[Start of section]

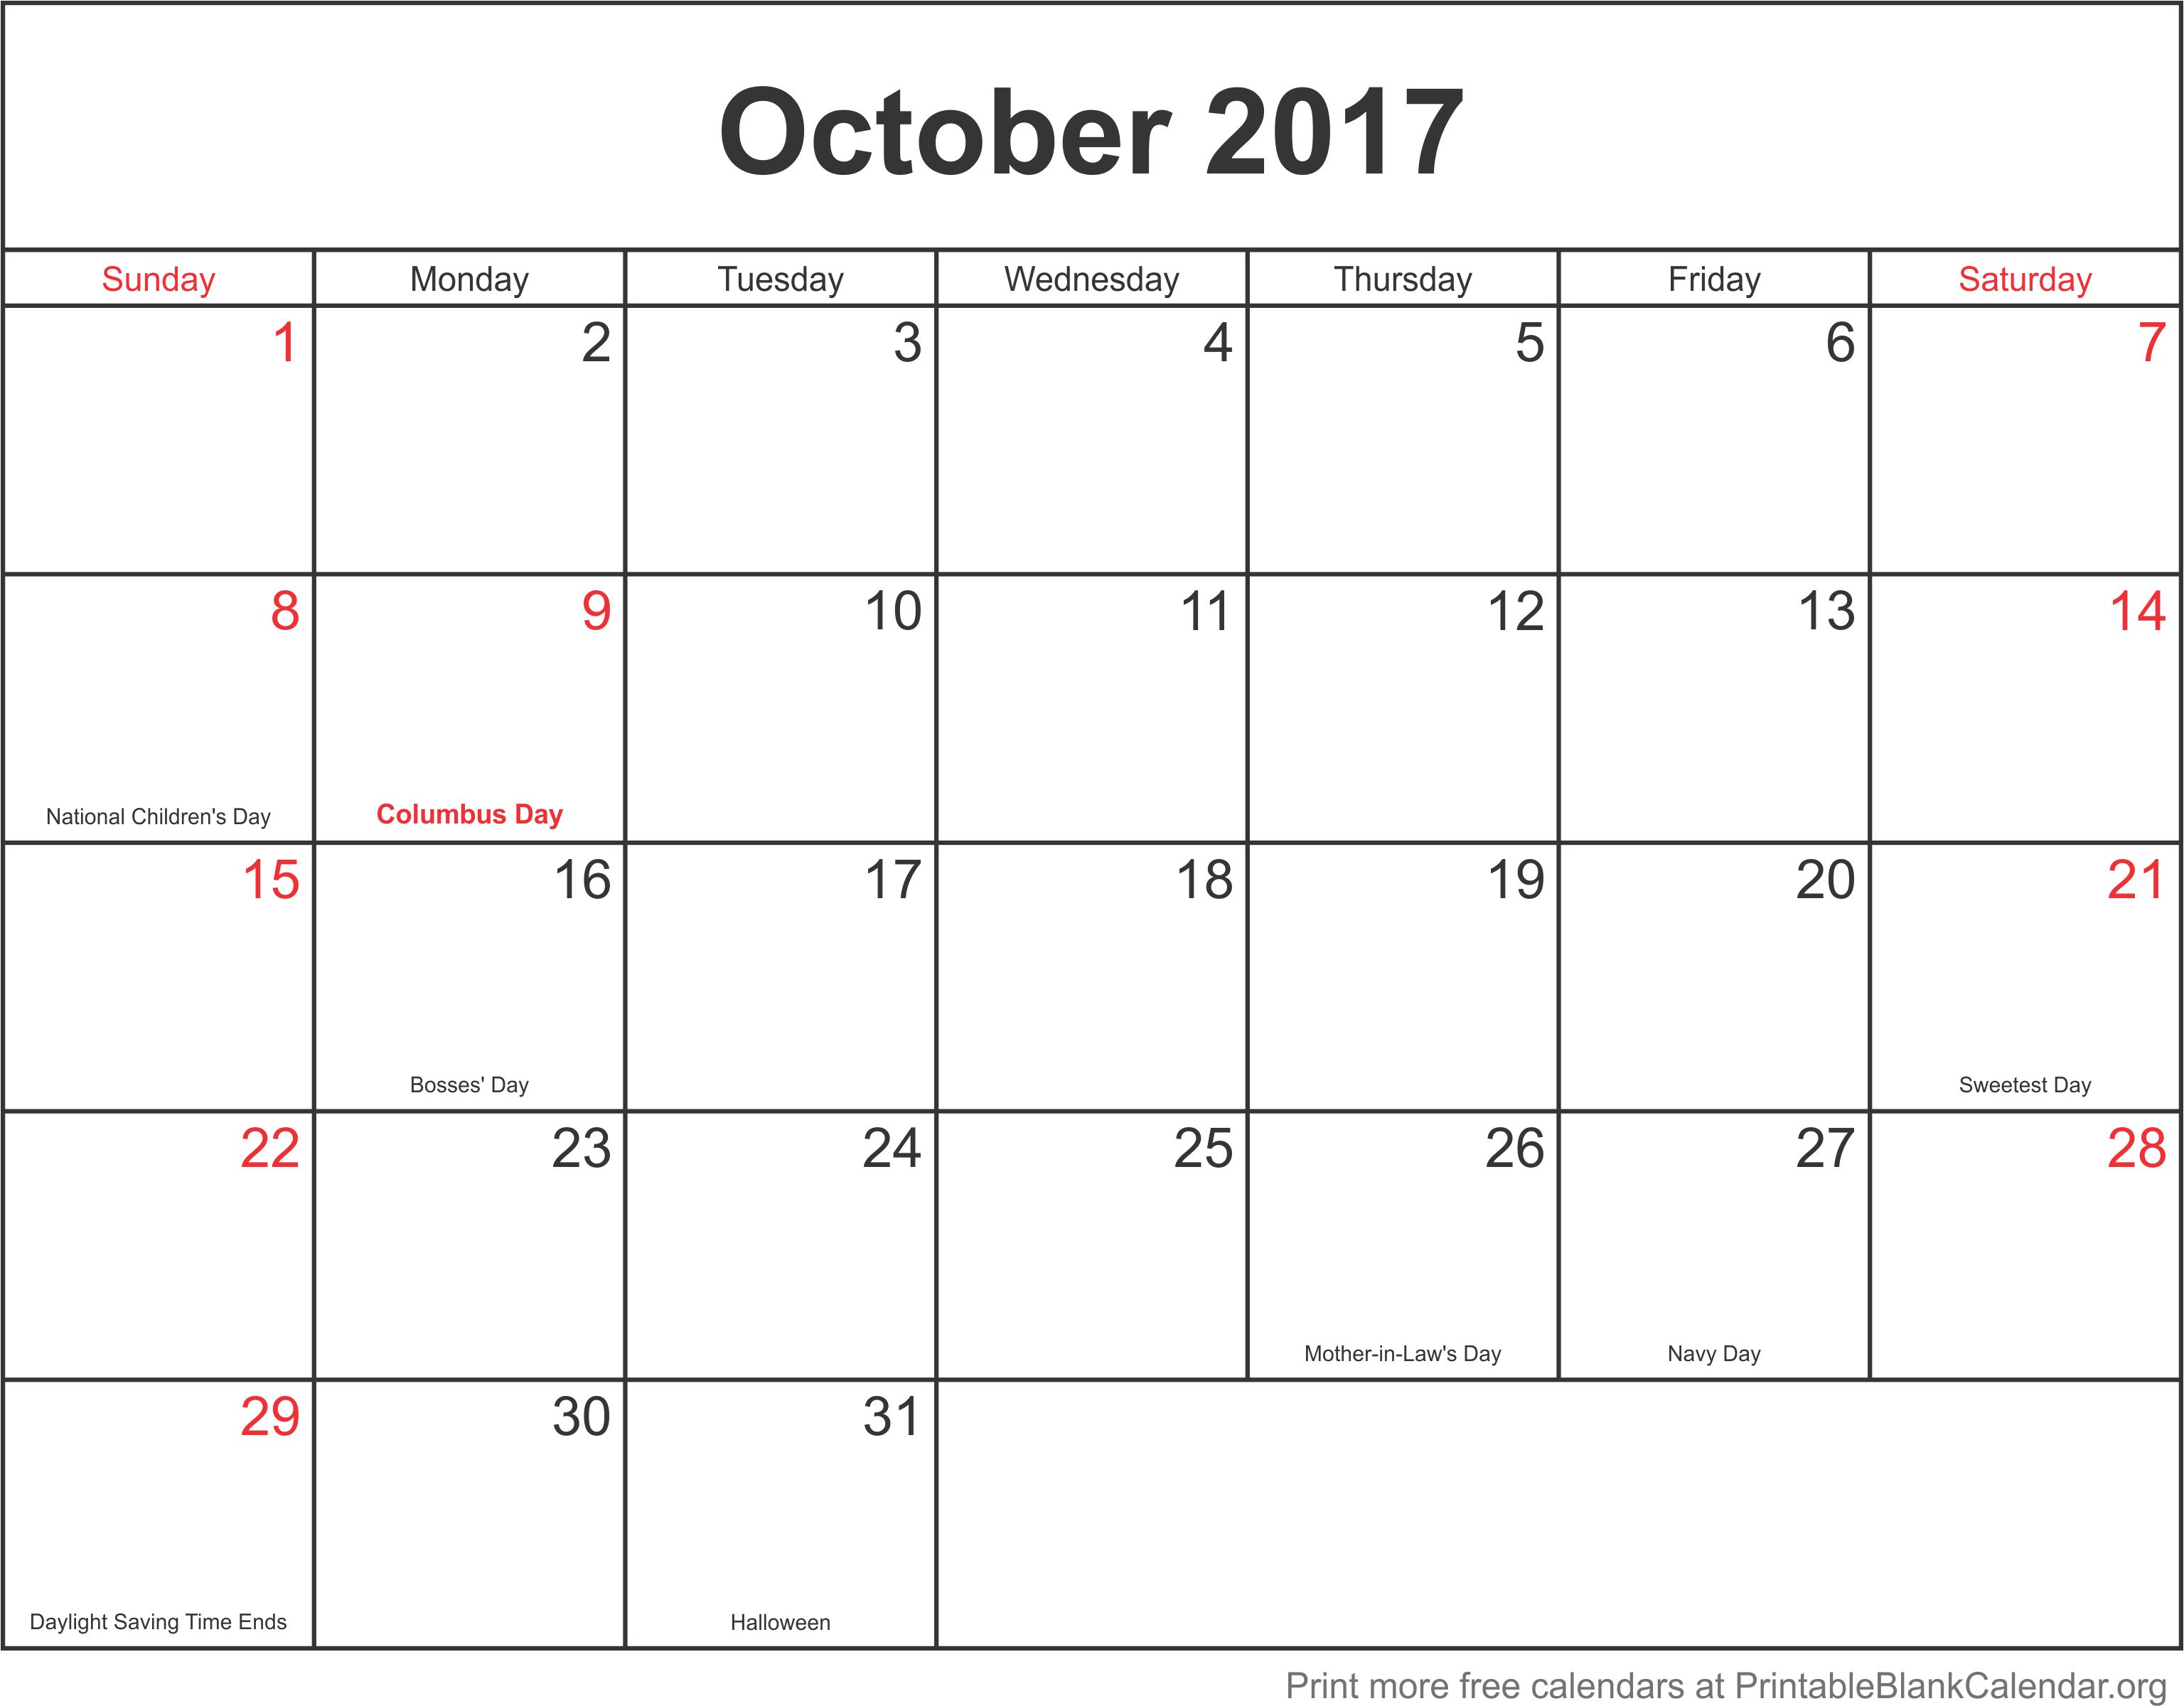 october-2017-free-printable-calendar-printable-blank-calendar
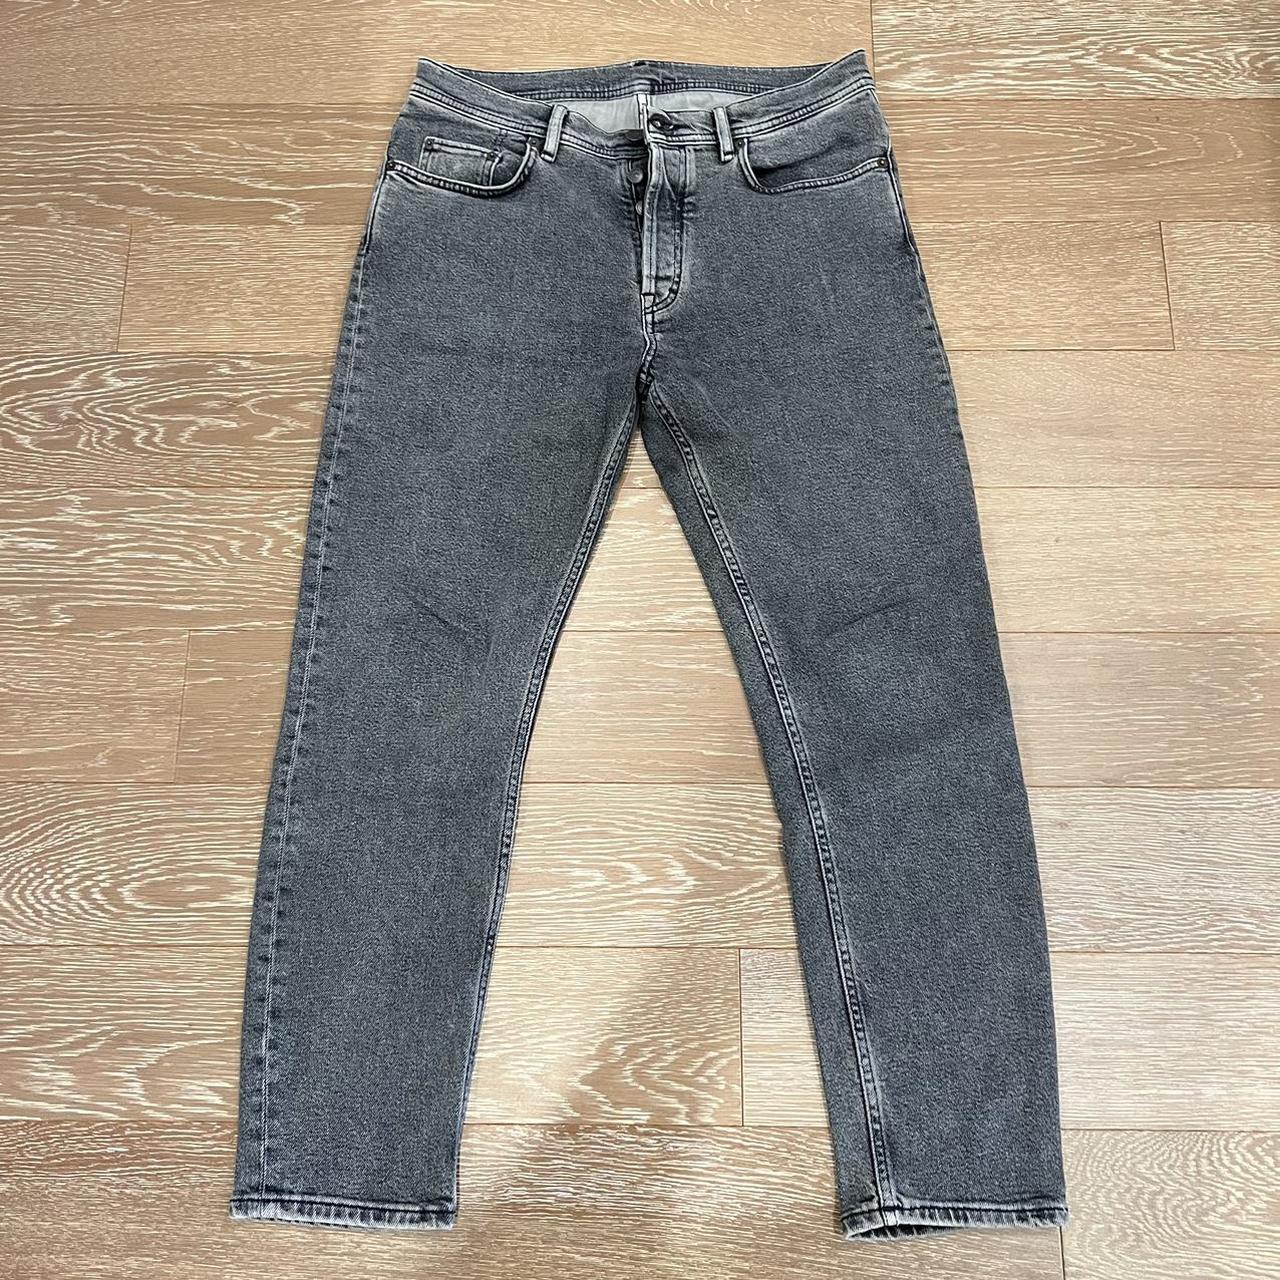 Acne Studios Slim Fit Jeans - Grey 32
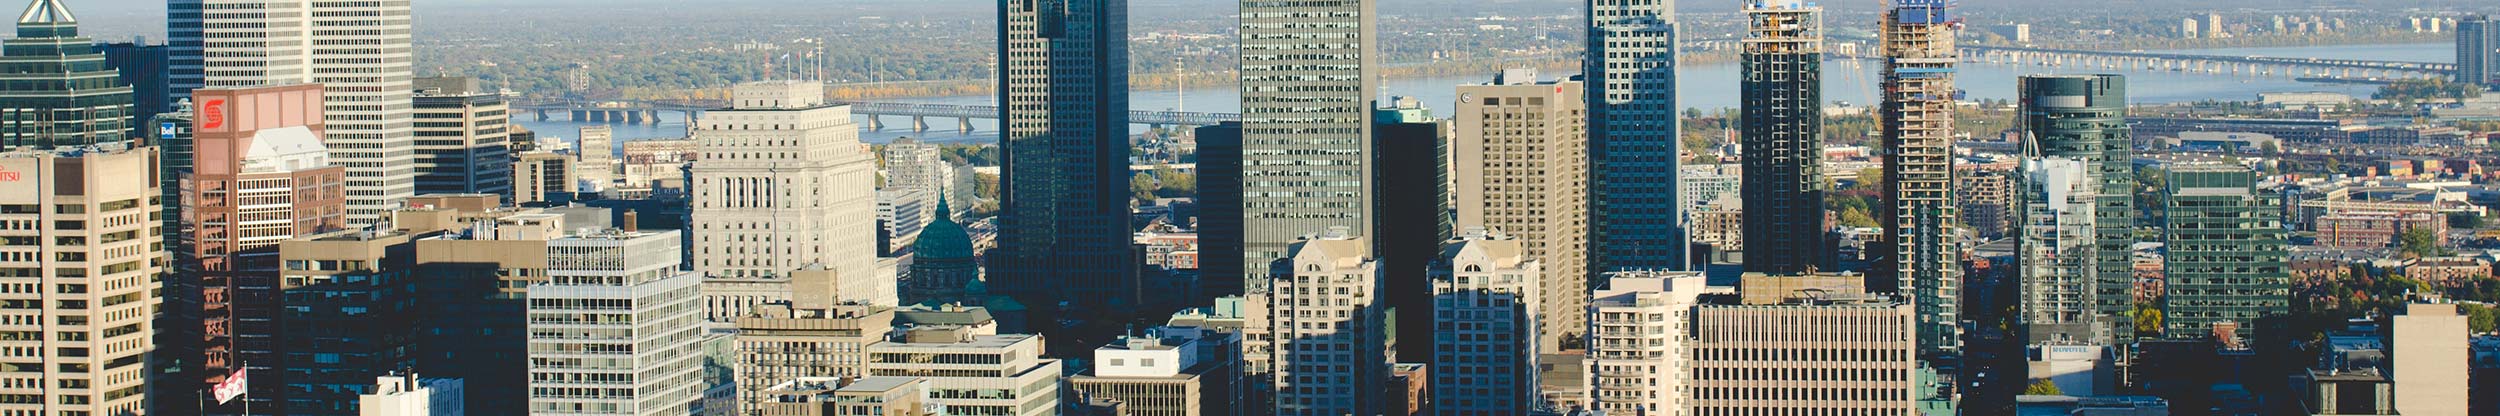 Kanada Montreal Skyline
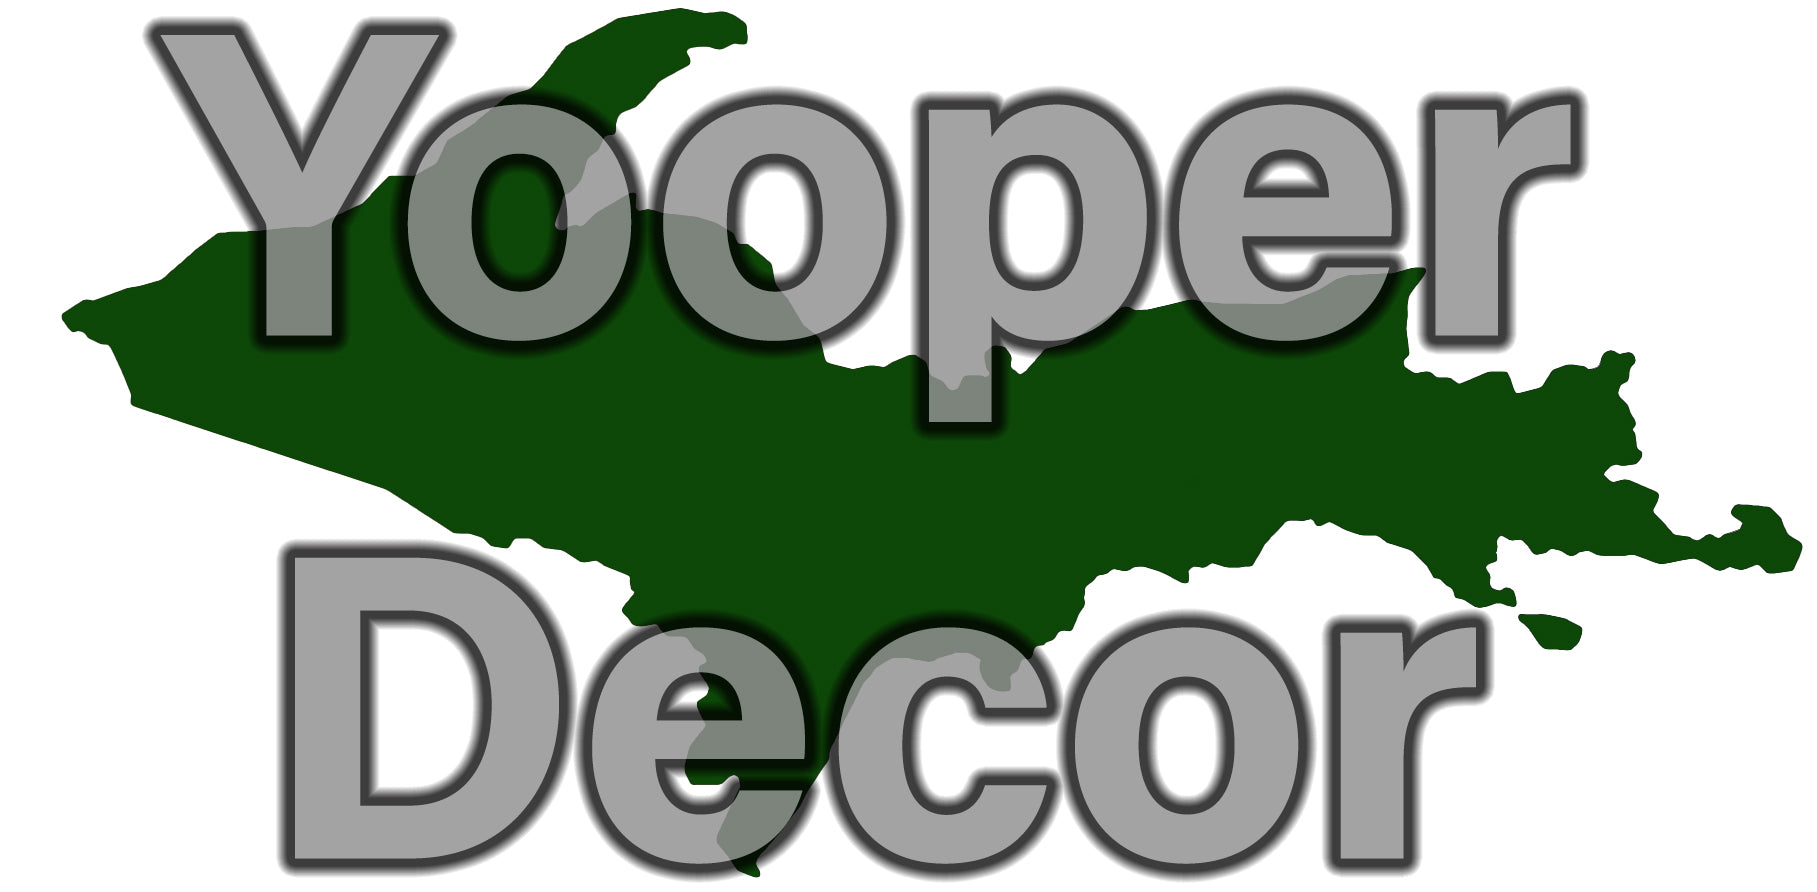 Yooper Decor Upper Peninsula of Michigan logo

[End of section]

▶ **EXERCISE**
Starting with the line that contains "Acne Studios Slim Fit Jeans - Grey 32", repeat each line exactly through the last line of the data above, and nothing more; the pictures stay out.

▶ **RESPONSE AREA**
 Acne Studios Slim Fit Jeans - Grey 32
 Kanada Montreal Skyline
 Yooper Decor Upper Peninsula of Michigan logo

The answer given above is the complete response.